03/12/2016 16:08 -02 | Atualizado 03/12/2016 16:08 -02
NELSON ALMEIDA via Getty Images
People attend under the rain the funeral of the members of the Chapecoense Real football club team killed in a plane crash in Colombia, at the stadium in Chapeco, Santa Catarina, southern Brazil, on December 3, 2016. The banner reads 'Thanks for Everything, Colombia'. The bodies of 50 players, coaches and staff from a Brazilian football team tragically wiped out in a plane crash in Colombia arrived home Saturday for a massive funeral. / AFP / Nelson Almeida (Photo credit should read NELSON ALMEIDA/AFP/Getty Images)

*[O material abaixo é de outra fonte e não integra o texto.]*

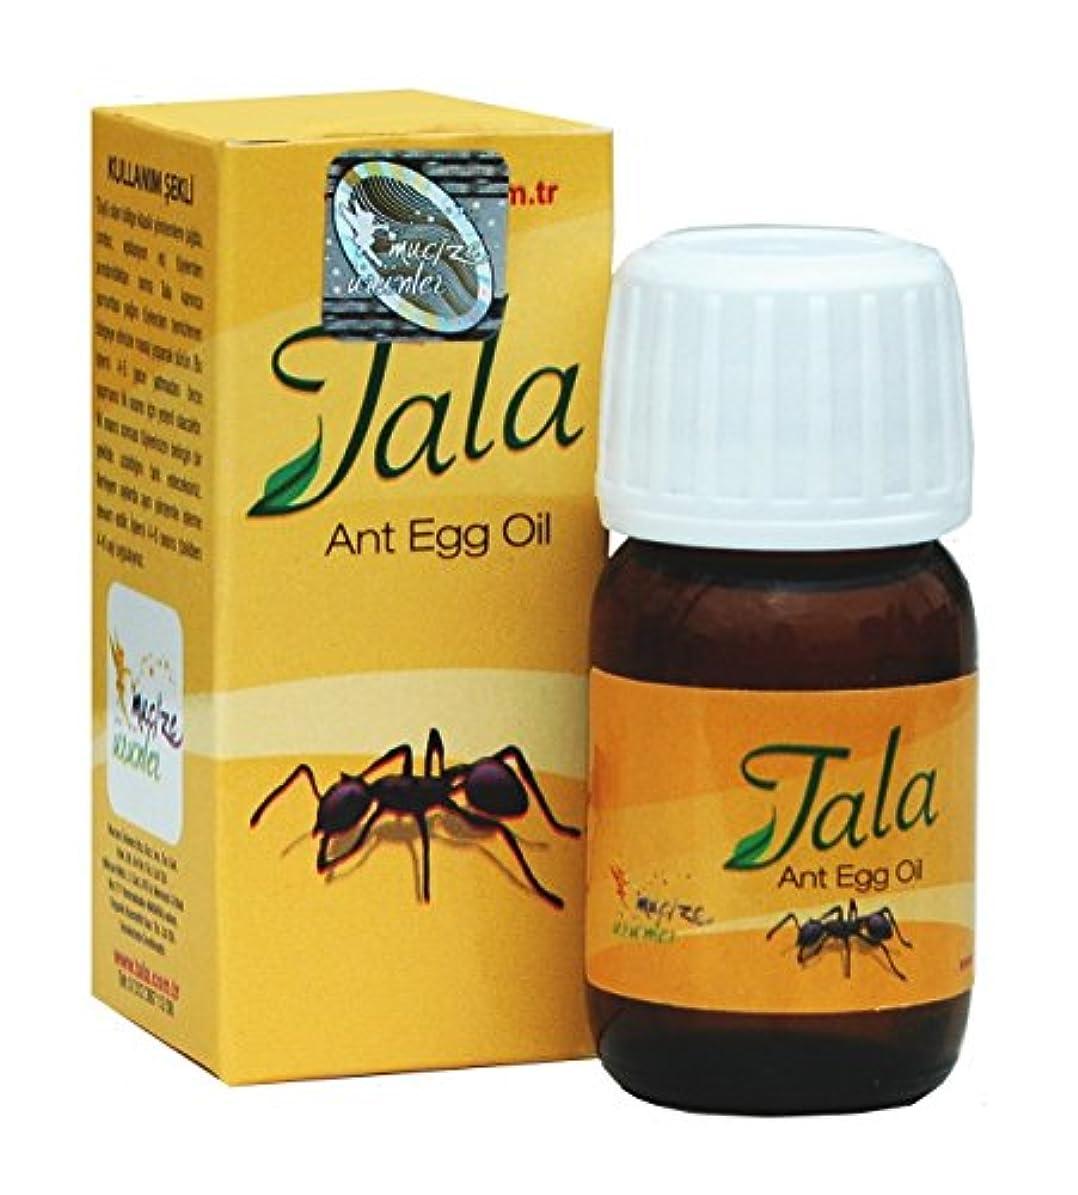 マーチャンダイジング一部回転Tala Ant Egg Oil (アリ脱毛オイル) 20 ml [並行輸入品]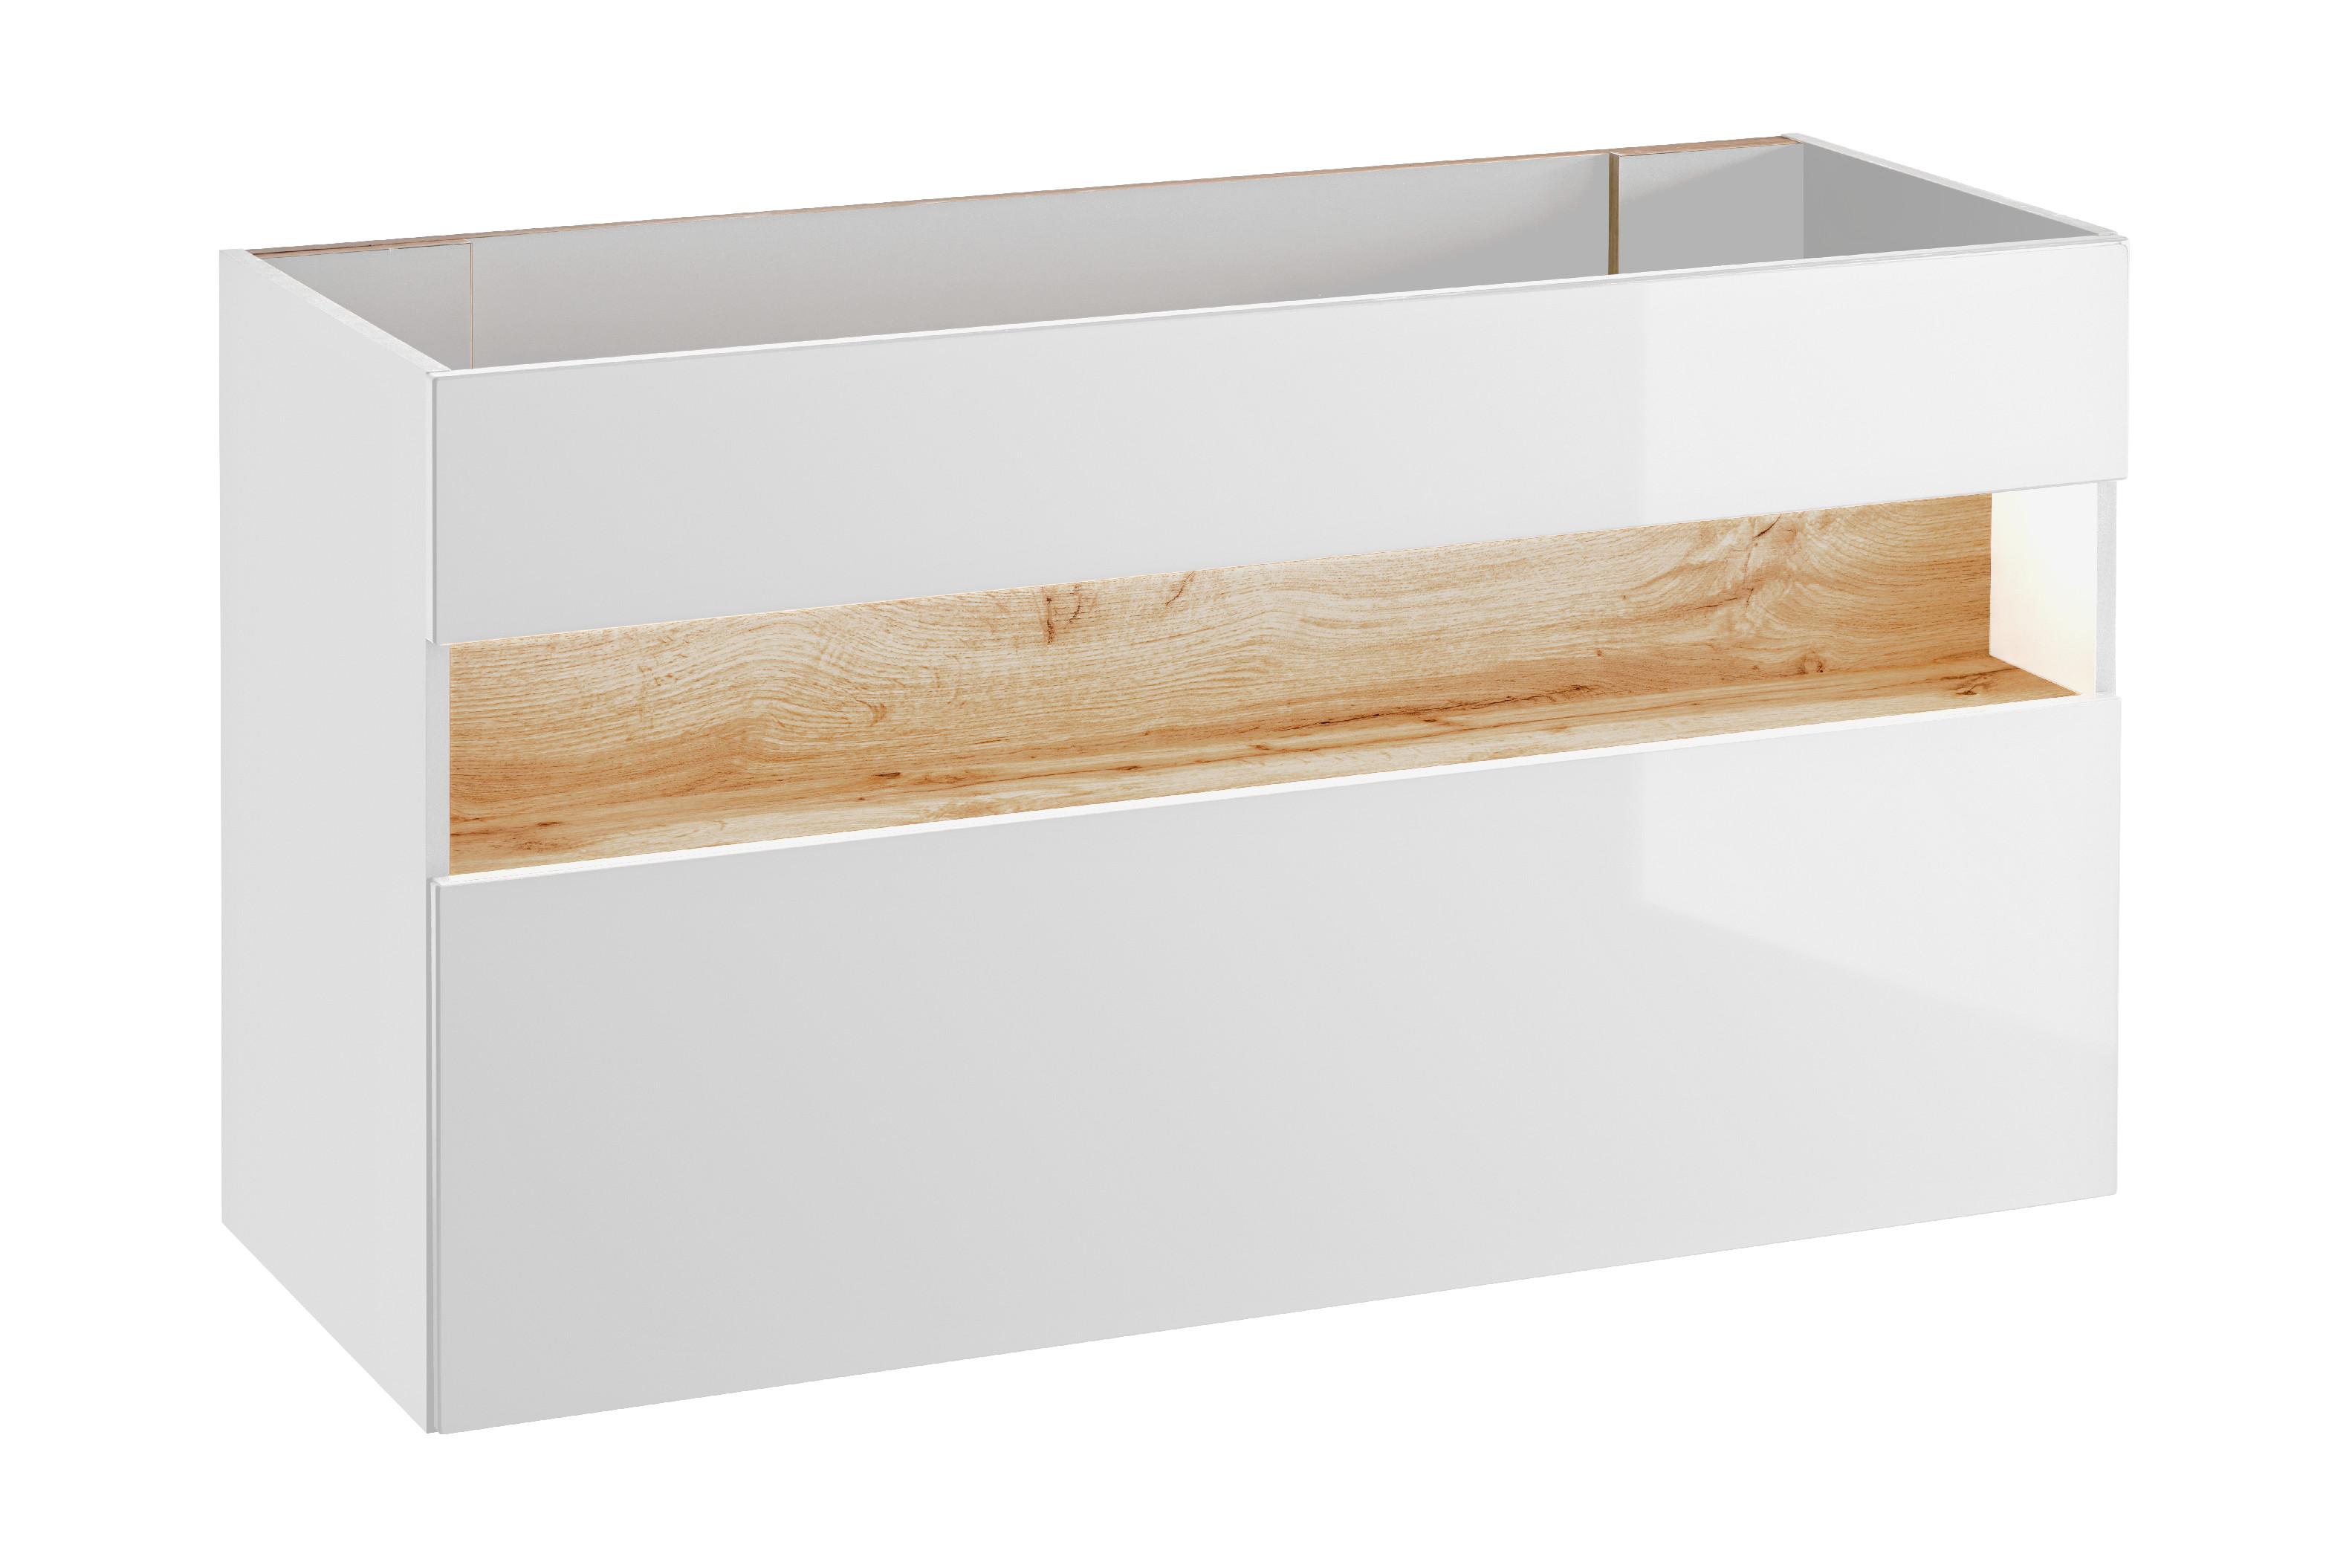 ArtCom Kúpeľňová zostava BAHAMA / white Bahama: skrinka pod umývadlo 120 cm - 854   68 x 120 x 46 cm

Familiares e amigos, torcedores chapecoenses e de todo o país prestaram neste domingo (3) suas últimas homenagens às 71 vítimas do acidente com o avião que levava o time para disputar a final do campeonato Sul-Americano em Medellín, na última segunda-feira (28).

Mas o dia de hoje foi também uma oportunidade de os brasileiros retribuírem a solidariedade dos vizinhos colombianos, em especial o clube Atletico Nacional de Medellín, contra o qual a Chapecoense disputaria a partida na última quarta-feira (30).

Na data marcada para o jogo, o Atlético Nacional preparou uma comovente homenagem aos mortos na tragédia, e os colombianos lotaram o estádio Atanasio Girardot, em Medellín. Nas arquibancadas forradas com 45 mil torcedores, surgiram faixas e bandeiras de apoio: "O futebol não tem fronteiras", dizia uma. Na outra, ainda mais emblemática, o anúncio que parece ser dos mais reais: "Uma nova família nasce".

Hoje, na arena Condá, era possível ver faixas de agradecendo aos "hermanos" colombianos e torcedores levaram bandeiras do país com tarjas pretas.

Já o prefeito de Chapecó, Luciano Buligon, discursou vestindo a camisa do Atlético Nacional. “Não é à toa que visto essa camisa", afirmou. "O clube fez uma belíssima homenagem a todos nós. O mais brilhante de todos foi a frase que ele cunharam em sua página na internet: ‘A Chapecoense veio para Medellín com um sonho e voltou como uma lenda’", disse Buligon depois de viajar de Medellín até Chapecó, onde chegou na manhã deste sábado (3), trazendo os corpos de 50 vítimas da tragédia.

luciano buligon

Tragédia interrompe sonho da Chape

A cidade de Chapecó, em Santa Catarina, e o futebol acordaram de luto na última terça-feira. O acidente com o avião que levava a Chapecoense para a Medellín, na Colômbia, deixou 71 mortos entre as 77 pessoas que estavam a bordo.

Além dos jogadores, o avião levava a comissão técnica e funcionários da equipe da Chapecoense e jornalistas que iriam cobrir o jogo a Copa Sul-Americana na quarta-feira, em Medellín, a primeira internacional da equipe do interior catarinense.

O avião caiu a poucos quilômetros do aeroporto de Medellín onde deveria ter pousado. Antes do acidente, o piloto fez contato com a torre de controle, informando "falha total" e "falta de combustível".

Autoridades colombianas confirmaram que o avião voava com menos combustível que o exigido por lei, e que o acidente foi causado por uma pane seca.

O avião, que havia decolado de Santa Cruz de la Sierra, na Bolívia, tinha como destino final o município colombiano de Medellín, onde a Chapecoense disputaria as finais da Copa Sul-Americana, contra o Atlético Nacional, na última quarta-feira.